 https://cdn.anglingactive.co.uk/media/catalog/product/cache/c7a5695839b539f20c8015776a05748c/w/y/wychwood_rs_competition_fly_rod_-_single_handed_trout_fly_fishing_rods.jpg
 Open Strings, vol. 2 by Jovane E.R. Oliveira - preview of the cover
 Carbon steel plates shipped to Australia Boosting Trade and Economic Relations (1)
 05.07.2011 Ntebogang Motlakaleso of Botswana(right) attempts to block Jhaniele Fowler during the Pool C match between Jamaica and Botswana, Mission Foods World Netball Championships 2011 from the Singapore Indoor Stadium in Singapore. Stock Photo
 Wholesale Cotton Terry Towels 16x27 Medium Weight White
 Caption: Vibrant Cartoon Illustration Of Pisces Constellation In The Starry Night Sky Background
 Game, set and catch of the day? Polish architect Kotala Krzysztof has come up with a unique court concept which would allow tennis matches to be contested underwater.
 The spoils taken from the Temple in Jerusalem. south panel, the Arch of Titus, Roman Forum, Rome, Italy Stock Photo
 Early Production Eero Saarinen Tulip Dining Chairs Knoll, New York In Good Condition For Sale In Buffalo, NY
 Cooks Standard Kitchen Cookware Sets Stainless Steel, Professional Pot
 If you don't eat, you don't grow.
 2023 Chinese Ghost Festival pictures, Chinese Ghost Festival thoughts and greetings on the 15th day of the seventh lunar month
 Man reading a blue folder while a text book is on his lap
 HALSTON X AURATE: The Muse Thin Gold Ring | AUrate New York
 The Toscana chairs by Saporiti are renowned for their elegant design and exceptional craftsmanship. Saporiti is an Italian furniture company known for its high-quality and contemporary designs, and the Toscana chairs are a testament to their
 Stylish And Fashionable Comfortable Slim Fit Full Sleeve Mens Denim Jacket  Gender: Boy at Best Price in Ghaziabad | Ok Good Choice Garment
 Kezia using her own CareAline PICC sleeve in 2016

The task: Look above for the line containing "Stylish And Fashionable". Return it and each line after it exactly, through the last line, and nothing more.

Task answer:
 Stylish And Fashionable Comfortable Slim Fit Full Sleeve Mens Denim Jacket  Gender: Boy at Best Price in Ghaziabad | Ok Good Choice Garment
 Kezia using her own CareAline PICC sleeve in 2016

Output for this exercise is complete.